Hi again (for the last time hopefully :),

Hive back up and running fine. I'll try to write a summary of what happened in https://phabricator.wikimedia.org/T179943 for everybody interested. The regular Hadoop jobs were completely stopped so there was no issue with data loss/inconsistency, only a temporary unavailability of Hive.

Thanks for the patience!

Luca

2017-12-07 12:36 GMT+01:00 Luca Toscano <ltoscano@wikimedia.org>:
Hi everybody,

we are experiencing some issues with the Hive daemon, so currently Hive queries are not available. I am going to update this thread as soon as the issue is over.

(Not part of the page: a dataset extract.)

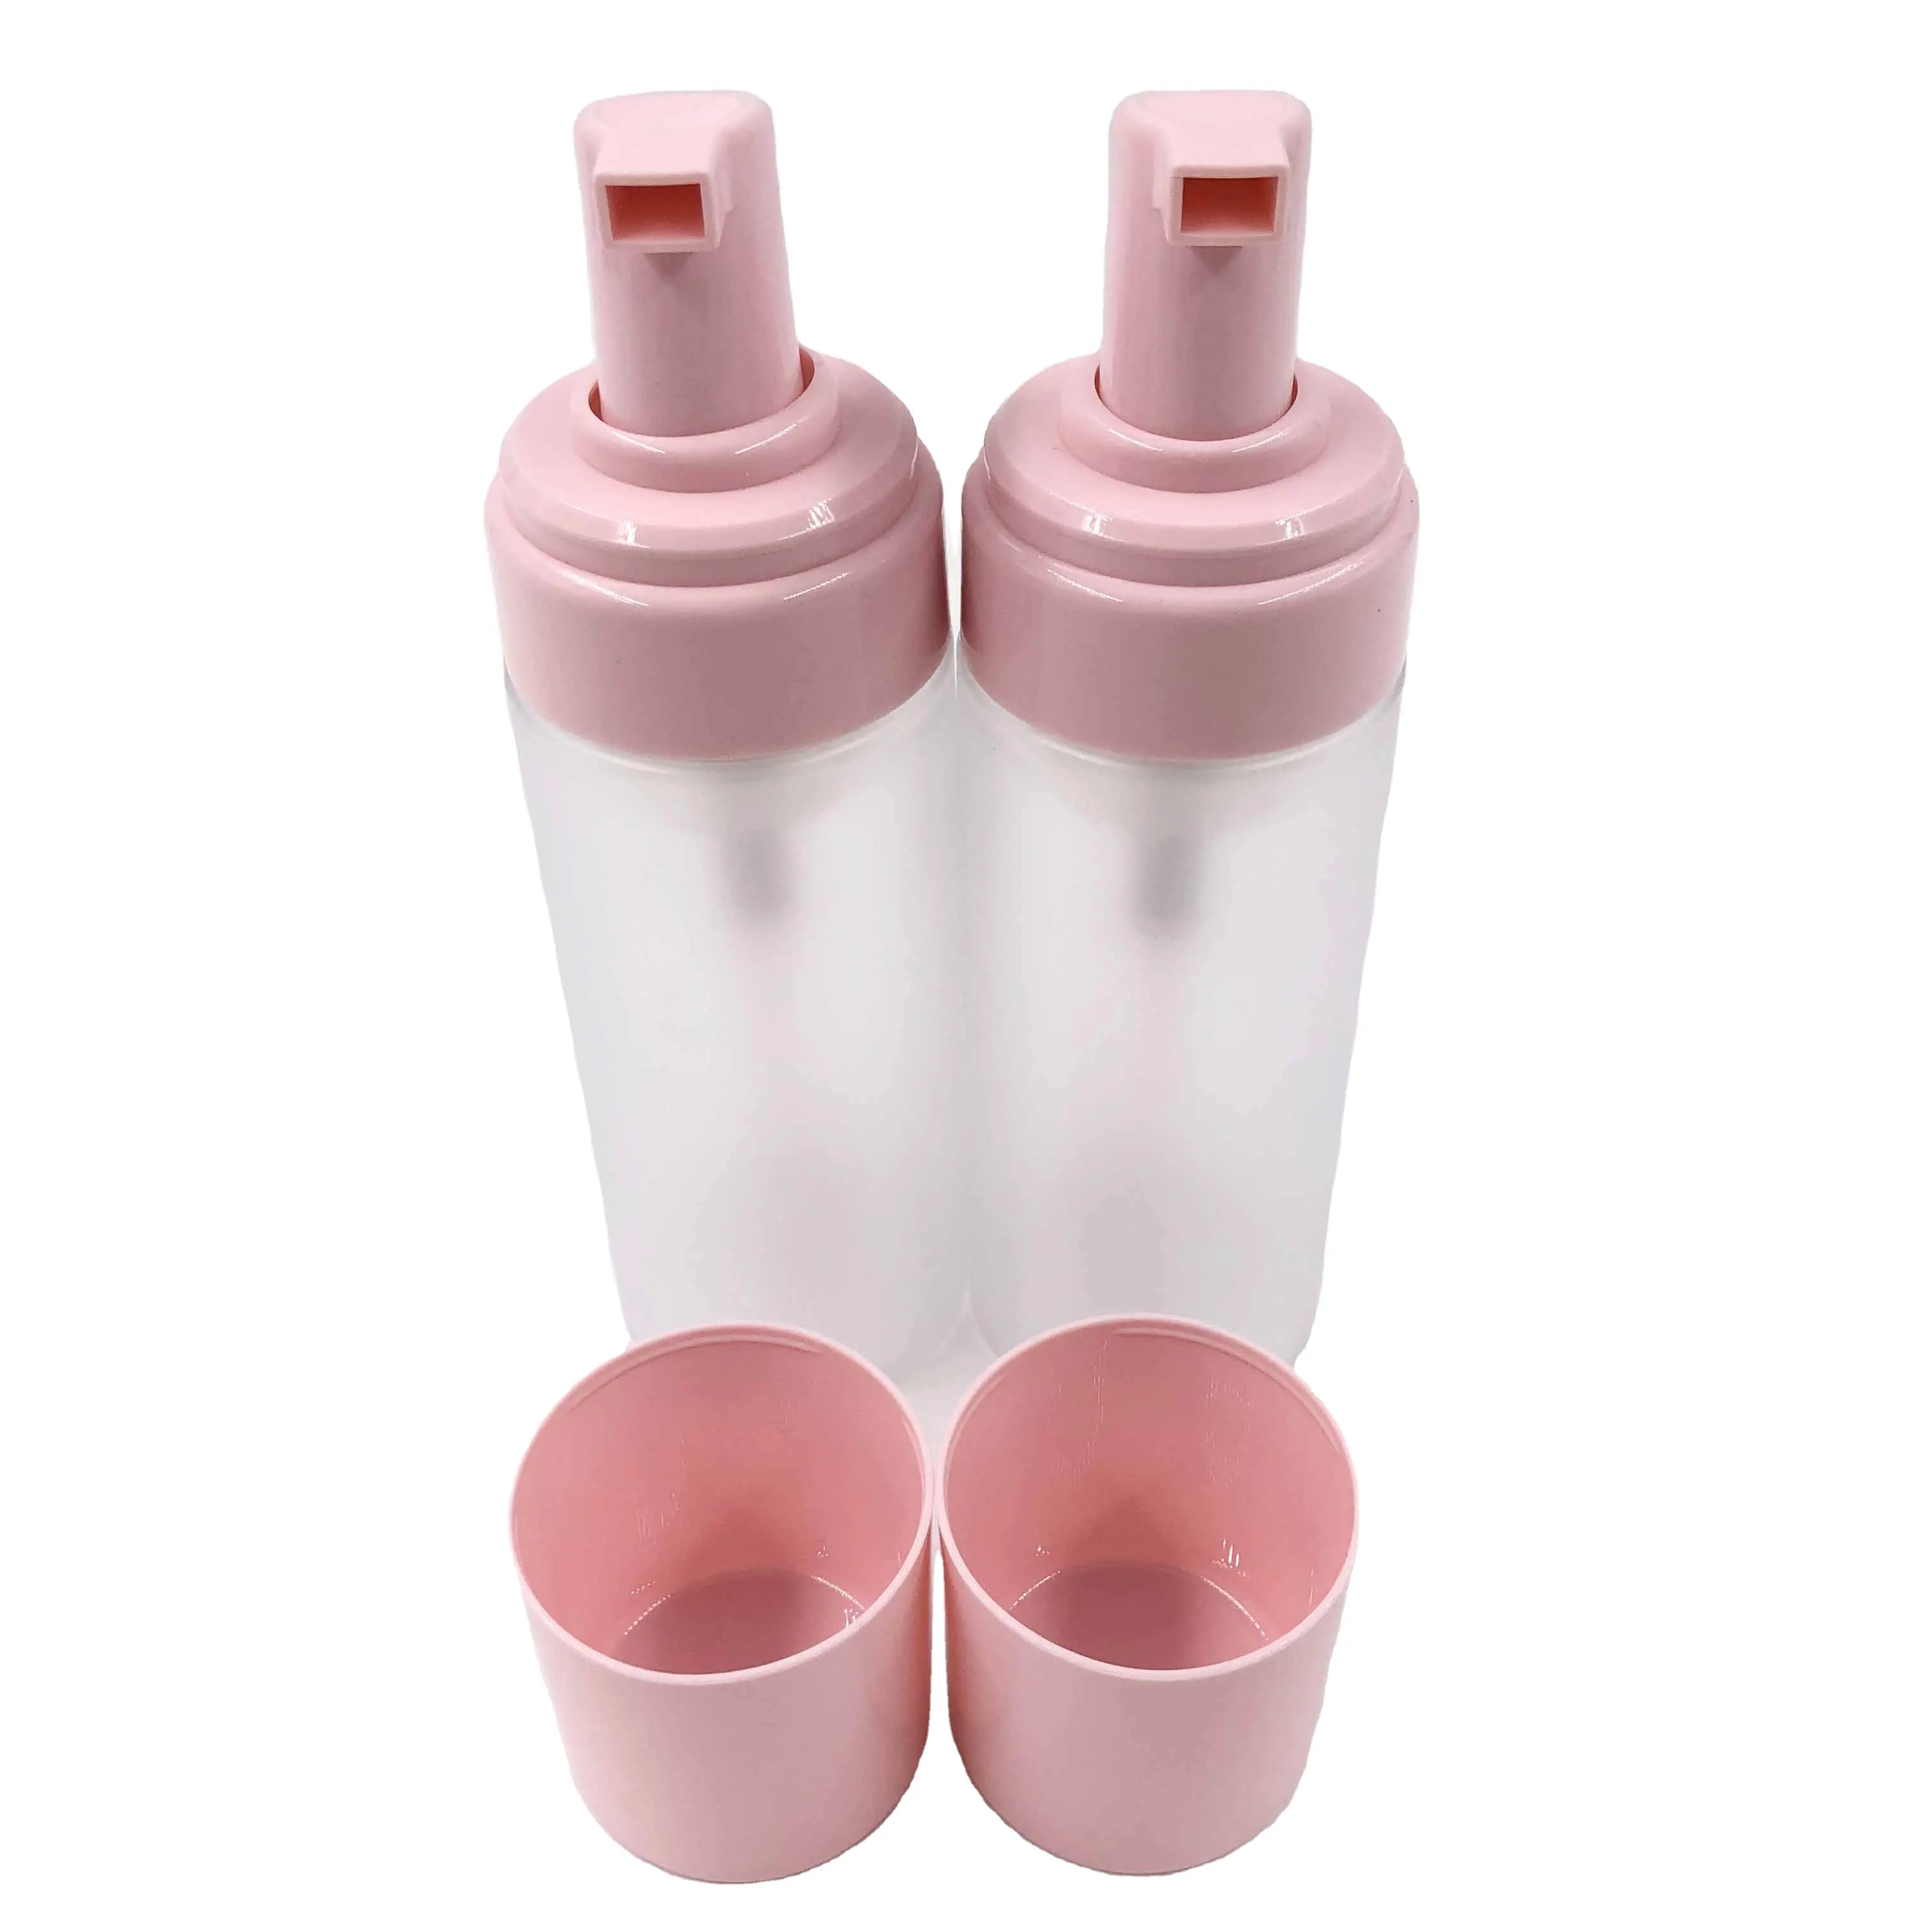 Botella de crema vacía de plástico PET, color rosa mate, de 150ml, para limpieza facial, con cabezal de bomba de pulverización, para embalaje de cosméticos

For more info, please contact me (elukey) on IRC (#wikimedia-analytics).

Sorry for the trouble!

Luca 

2017-12-06 19:47 GMT+01:00 Luca Toscano <ltoscano@wikimedia.org>:
Hi everybody,

we'd need to reboot the analytics1003 host for Linux kernel and openjdk updates tomorrow Dec 07 at 10 AM CET. Hive and Oozie will stop for a (hopefully) brief amount of time, but since they'll need to stop before the reboot it might happen that in flight jobs/queries fail. We'll try to avoid the reboot if too many jobs are running, but at some point we'll need to pull the trigger.

Please let me know on IRC (#wikimedia-analytics, elukey) or via email if you have any issue with this maintenance.

Thanks and sorry for the trouble!

Luca (on behalf of the Analytics team)